I. MAGPIE_input_prep.py

This script allows the user to input files or directories with options to define target ligands and protein binders by chain, protein sequence (with percent sequence identity), ligand name (for small molecule targets), and search radius around the target. The alignment scripts align the protein-ligand complexes on the target ligand for use with MAGPIE, returning subsets of complexes for small molecule ligands as determined by user-defined all-atom RMSD.

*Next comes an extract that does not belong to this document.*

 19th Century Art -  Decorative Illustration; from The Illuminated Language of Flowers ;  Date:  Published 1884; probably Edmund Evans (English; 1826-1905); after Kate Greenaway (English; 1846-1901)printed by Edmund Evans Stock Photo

To list the arguments of the MAGPIE_input_prep.py script, run the following command in the terminal:

python MAGPIE_input_prep.py help

Usage

MAGPIE_input_prep.py [-h] [-S BINDER_SEQS] [-s TARGET_PROTEIN_SEQS] [-F BINDER_SEQ_FA] [-f TARGET_PROTEIN_SEQ_FA] [-L TARGET_SM_3_NAMES] [-I TARGET_SM_INDEX] [-C BINDER_CHAINS] [-c TARGET_PROTEIN_CHAINS] [-l TARGET_SM_CHAINS] [-U {chains,sequences}] [-u {chains,name}] [-d SEQ_IDENTITY] -i INPUT_PATH -o OUTPUT_PATH [-N TARGET_PROTEIN_CHAIN_RENAME] [-n TARGET_SM_CHAIN_RENAME] [-b BINDER_CHAIN_RENAME] [-t] [-T] [-r SM_LIGAND_REFERENCE_PATH] [-B BOND_LENGTH] [-m SEARCH_RADIUS] [-M MESH_SEARCH] [-A {1v1,MSA}] [-a SEQ_TARGET_REF_PDB]

Argument definitions

  1. -h, --help

    show this help message and exit

  2. -S BINDER_SEQS, --binder_seqs BINDER_SEQS

    The sequence(s) of the binder used for identification.

  3. -s TARGET_PROTEIN_SEQS, --target_protein_seqs TARGET_PROTEIN_SEQS

    The sequence(s) of the target protein used for identification.

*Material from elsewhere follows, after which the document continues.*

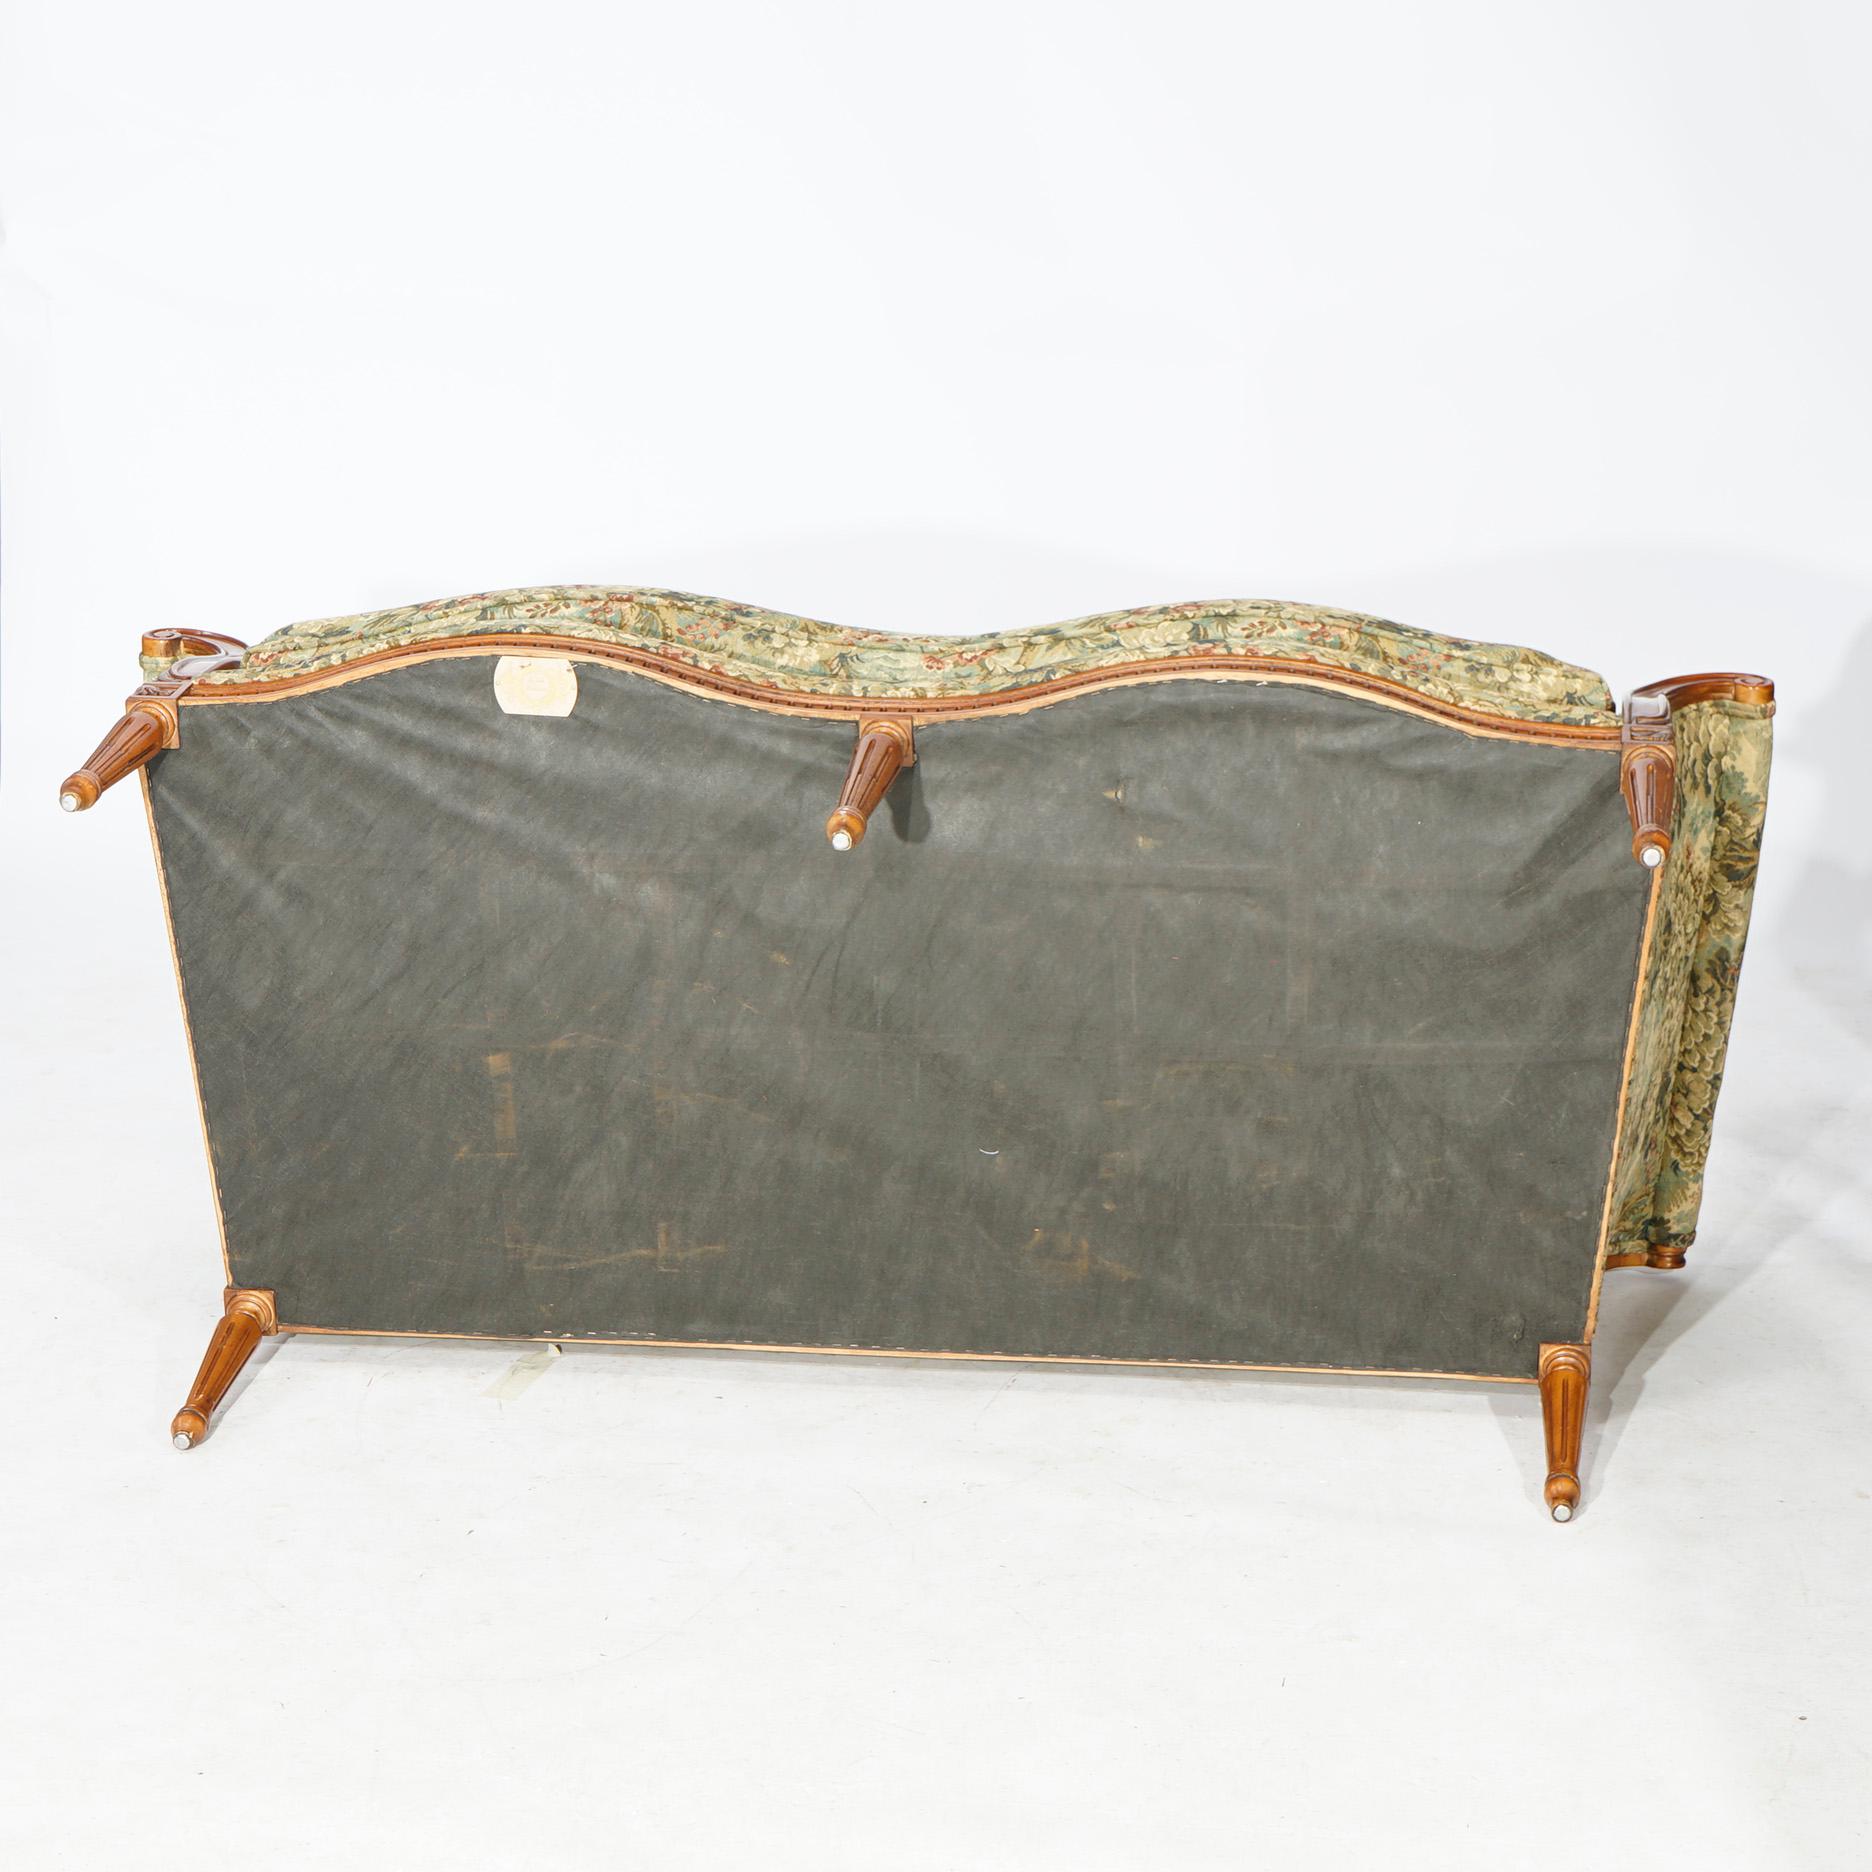 American Pair French Style John Widdicomb Furniture Company Upholstered Settees, 20th C.

  4. -F BINDER_SEQ_FA, --binder_seq_fa BINDER_SEQ_FA

    The sequence file (fasta format) of the binder used for identification.

  5. -f TARGET_PROTEIN_SEQ_FA, --target_protein_seq_fa TARGET_PROTEIN_SEQ_FA

    The sequence file (fasta format) of the target protein used for identification.

  6. -L TARGET_SM_3_NAMES, --target_sm_3_names TARGET_SM_3_NAMES

    The three letter code of the small molecule(s).

  7. -I TARGET_SM_INDEX, --target_sm_index TARGET_SM_INDEX

    The index of the small molecule(s). Must be used in tandem with chain or name.

  8. -C BINDER_CHAINS, --binder_chains BINDER_CHAINS

    The chain(s) of the binder used for identification.

  9. -c TARGET_PROTEIN_CHAINS, --target_protein_chains TARGET_PROTEIN_CHAINS

    The chains of the target protein used for identification.

  10. -l TARGET_SM_CHAINS, --target_sm_chains TARGET_SM_CHAINS

    The chain(s) of the small molecule used for identification.

  11. -U {chains,sequences}, –search_first_protein {chains,sequences}

    If using both chains and sequences search, what should be used to be filtered first? Choices: “chains” or “sequences” Default: “chains”

  12. -u {chains,name}, –search_first_sm {chains,name}

    If using both chains and sequences search, what should be used to be filtered first? Choices: “chains” or “sequences” Default: “chains”

  13. -n TARGET_SM_CHAIN_RENAME, --target_sm_chain_rename TARGET_SM_CHAIN_RENAME

    What the target small molecule output chain should be named. Default: “B”

  14. -N TARGET_PROTEIN_CHAIN_RENAME, --target_protein_chain_rename TARGET_SM_CHAIN_RENAME

    What the target protein output chain should be named. Default: “A”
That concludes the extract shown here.